DHAKA: As Bangladesh prepares for the first election since the ouster of its long-serving ex-prime minister Sheikh Hasina, only 4 percent of the registered candidates are women, as more than half of the political parties did not field female candidates.

The vote on Feb. 12 will bring in new leadership after an 18-month rule of the caretaker administration that took control following the student-led uprising that ended 15 years in power of Hasina’s Awami League party.

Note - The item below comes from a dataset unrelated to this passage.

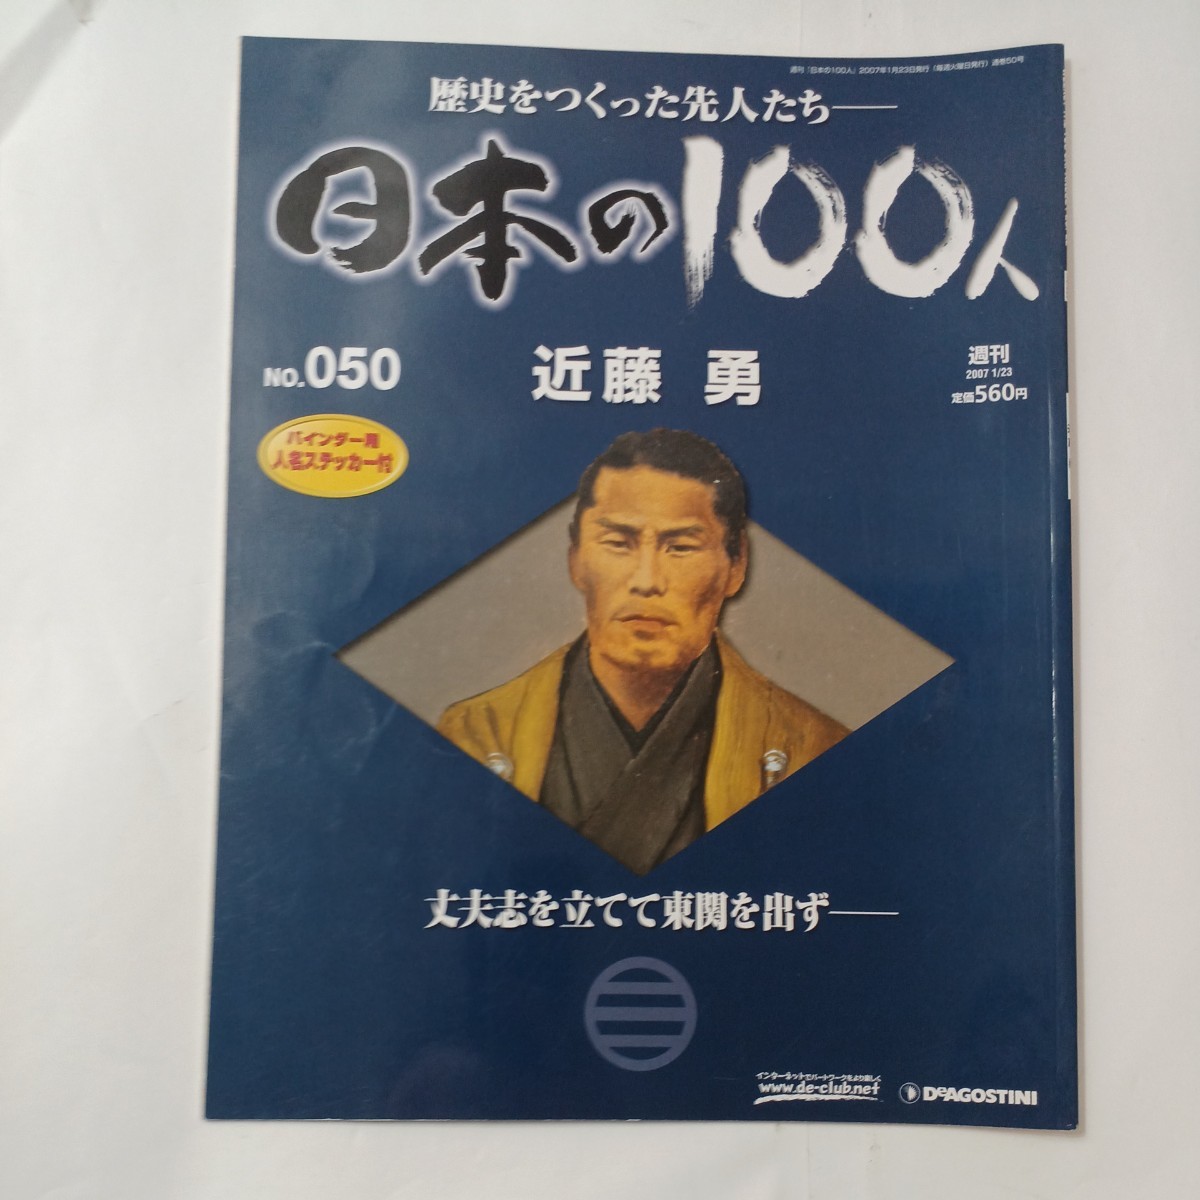 zaa-484♪歴史を作った先人たち日本の100人シリーズ2冊 新選組を支えた隊士 『近藤勇』『土方歳三』

Nearly 128 million Bangladeshis will head to the polls, but while more than 62 million of them are women, the percentage of female candidates in the race is incomparably lower, despite last year’s consensus reached by political parties to have at least 5 percent women on their lists.

According to the Election Commission, among 1,981 candidates only 81 are women, in a country that in its 54 years of independence had for 32 years been led by women prime ministers — Hasina and her late rival Khaleda Zia.

According to Dr. Rasheda Rawnak Khan from the Department of Anthropology at Dhaka University, women’s political participation was neither reflected by the rule of Hasina nor Zia.

“Bangladesh has had women rulers, not women’s rule,” Khan told Arab News. “The structure of party politics in Bangladesh is deeply patriarchal.”

Only 20 out of 51 political parties nominated female candidates for the 2026 vote. Percentage-wise, the Bangladesh Socialist Party was leading with nine women, or 34 percent of its candidates.

The election’s main contender, the Bangladesh Nationalist Party, whose former leader Zia in 1991 became the second woman prime minister of a predominantly Muslim nation — after Pakistan’s Benazir Bhutto — was the party that last year put forward the 5 percent quota for women.

For the upcoming vote, however, it ended up nominating only 10 women, or 3.5 percent of its 288 candidates.

The second-largest party, Jamaat-e-Islami, has not nominated a single woman.

The 4 percent participation is lower than in the previous election in 2024, when it was slightly above 5 percent, but there was no decreasing trend. In 2019, the rate was 5.9 percent, and 4 percent in 2014.

“We have not seen any independent women’s political movement or institutional activities earlier, from where women could now participate in the election independently,” Khan said.

“Real political participation is different and difficult as well in this patriarchal society, where we need to establish internal party democracy, protection from political violence, ensure direct election, and cultural shifts around female leadership.”

While the 2024 student-led uprising featured a prominent presence of women activists, Election Commission data shows that this has not translated into their political participation, with very few women contesting the upcoming polls.

“In the student movement, women were recruited because they were useful, presentable for rallies and protests both on campus and in the field of political legitimacy. Women were kept at the forefront for exhibiting some sort of ‘inclusive’ images to the media and the people,” Khan said.

“To become a candidate in the general election, one needs to have a powerful mentor, money, muscle power, control over party people, activists, and locals. Within the male-dominated networks, it’s very difficult for women to get all these things.”